Appeal from an order of the Supreme Court (Williams, J.), entered August 25, 1992 in Sullivan County, which denied plaintiff’s motion for summary judgment.
Plaintiff commenced this action to recover $28,000 paid to defendants Kipp Osborne and Margot Osborne, its insureds, in exchange for a subrogation receipt in satisfaction of a claim made on their homeowner’s policy after their property and its contents had been demolished by a truck owned and operated by defendant Charles Gregg. At the time this action was commenced, the Osbornes also had pending a Federal civil action against Gregg in which plaintiff neither participated nor gave its consent. Ultimately, the Osbornes settled with Gregg and State Farm Insurance Company, his liability insurance carrier, for the sum of $62,000, which was in excess of the $50,000 policy limit, Gregg having paid $12,000 personally. Plaintiff avows that it consented to the settlement.
The basis of this lawsuit by plaintiff is its contention that the subrogation receipt* signed by the Osbornes as a condition to receiving the $28,000 policy limit on their homeowner’s policy entitles it to repayment of the first $28,000 paid by or on behalf of the tortfeasor. In opposition, the Osbornes contend they owe nothing to plaintiff because the total of $90,000 received has not wholly covered their loss. Supreme Court, relying upon Hamilton Fire Ins. Co. v Greger (246 NY 162), agreed with the Osbornes and denied plaintiff’s motion for summary judgment, finding that plaintiff had not demonstrated that the Osbornes received anything in excess of their actual damages. On this appeal, plaintiff contends that the facts more closely resemble those in Aetna Cas. & Sur. Co. v Bekins Van Lines Co. (67 NY2d 901) than found in Hamilton Fire Ins. Co. v Greger (supra). We disagree and affirm.
In Aetna Cas. & Sur. Co. v Bekins Van Lines Co. (supra) the action was brought by an insurer under its subrogation rights *797against the third-party tortfeasor, who settled with the insured with knowledge of the insurer’s subrogation rights but without its consent. It was also argued that the insured’s actual damages exceeded the amount received and the paying tortfeasor was a common carrier whose liability was limited by a contractually agreed-upon "released value”, the sum it had paid the insured. The tortfeasor was required to make a further payment to the insurance company.
In Hamilton Fire Ins. Co. v Gregor (supra), the action was by an insurance company against its own insured. After receipt of payment from his own carrier representing only a portion of his total loss, the insured brought an action against the tortfeasor which was thereafter settled. The settlement was in compromise and did not state that it constituted payment in full of the damages suffered. Accordingly, the court found that the insurance company had failed to sustain its theory that the insured had received money equitably belonging to his insurance company (supra, at 167). Moreover, if the tortfeasor’s settlement occurred after it had learned of the subrogation right, but without the insurance company’s consent, the settlement would not have destroyed the insurance company’s right to proceed in a subrogation action (see, supra, at 167).

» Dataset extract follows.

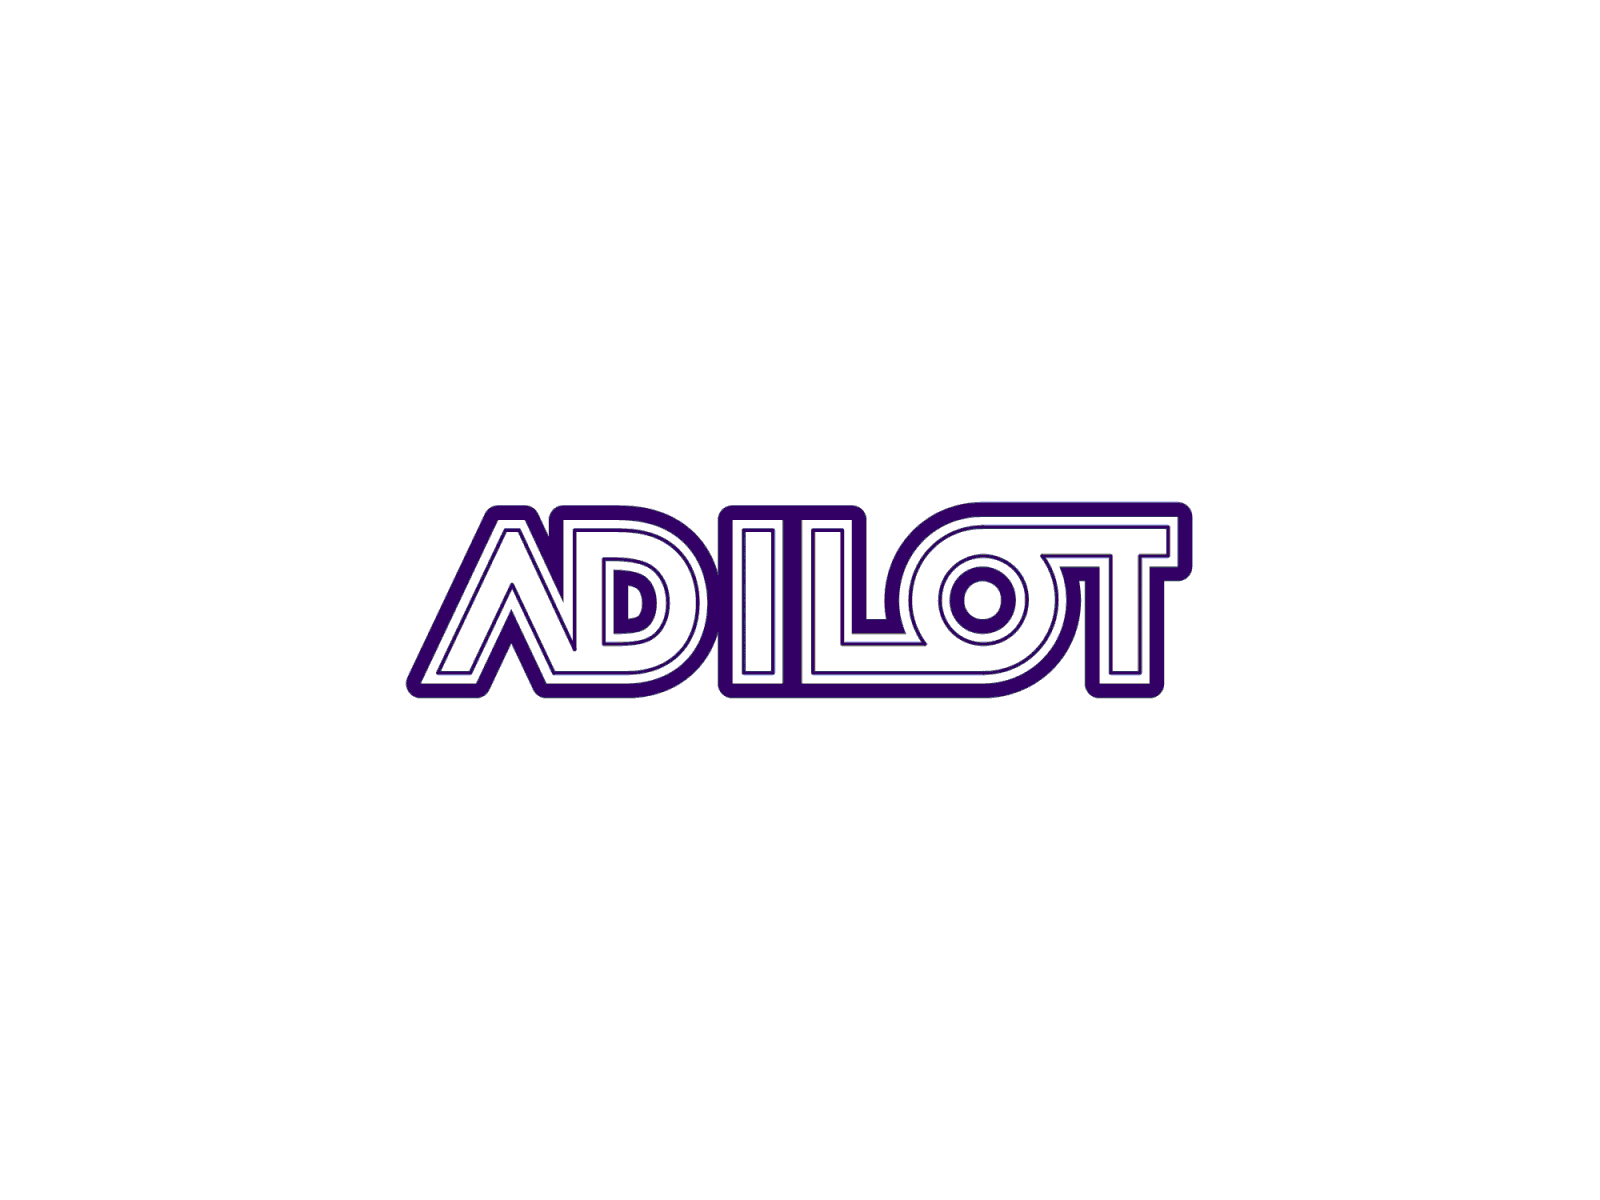 Adilot logo motion logo animation logodesign logomotion

Accordingly, plaintiff is entitled to compensation from the Osbornes only if the Osbornes have received more than the actual amount of damages suffered at the hands of the tortfeasor. Since that remains an unresolved issue of fact on which plaintiff bears the burden of proof, Supreme Court properly denied plaintiff’s motion for summary judgment.
Cardona, P. J., Crew III, Casey and Peters, JJ., concur. Ordered that the order is affirmed, with costs.
In relevant part the receipt states that "to the extent of said payment the undersigned hereby subrogates * * * claims * * * for the loss”.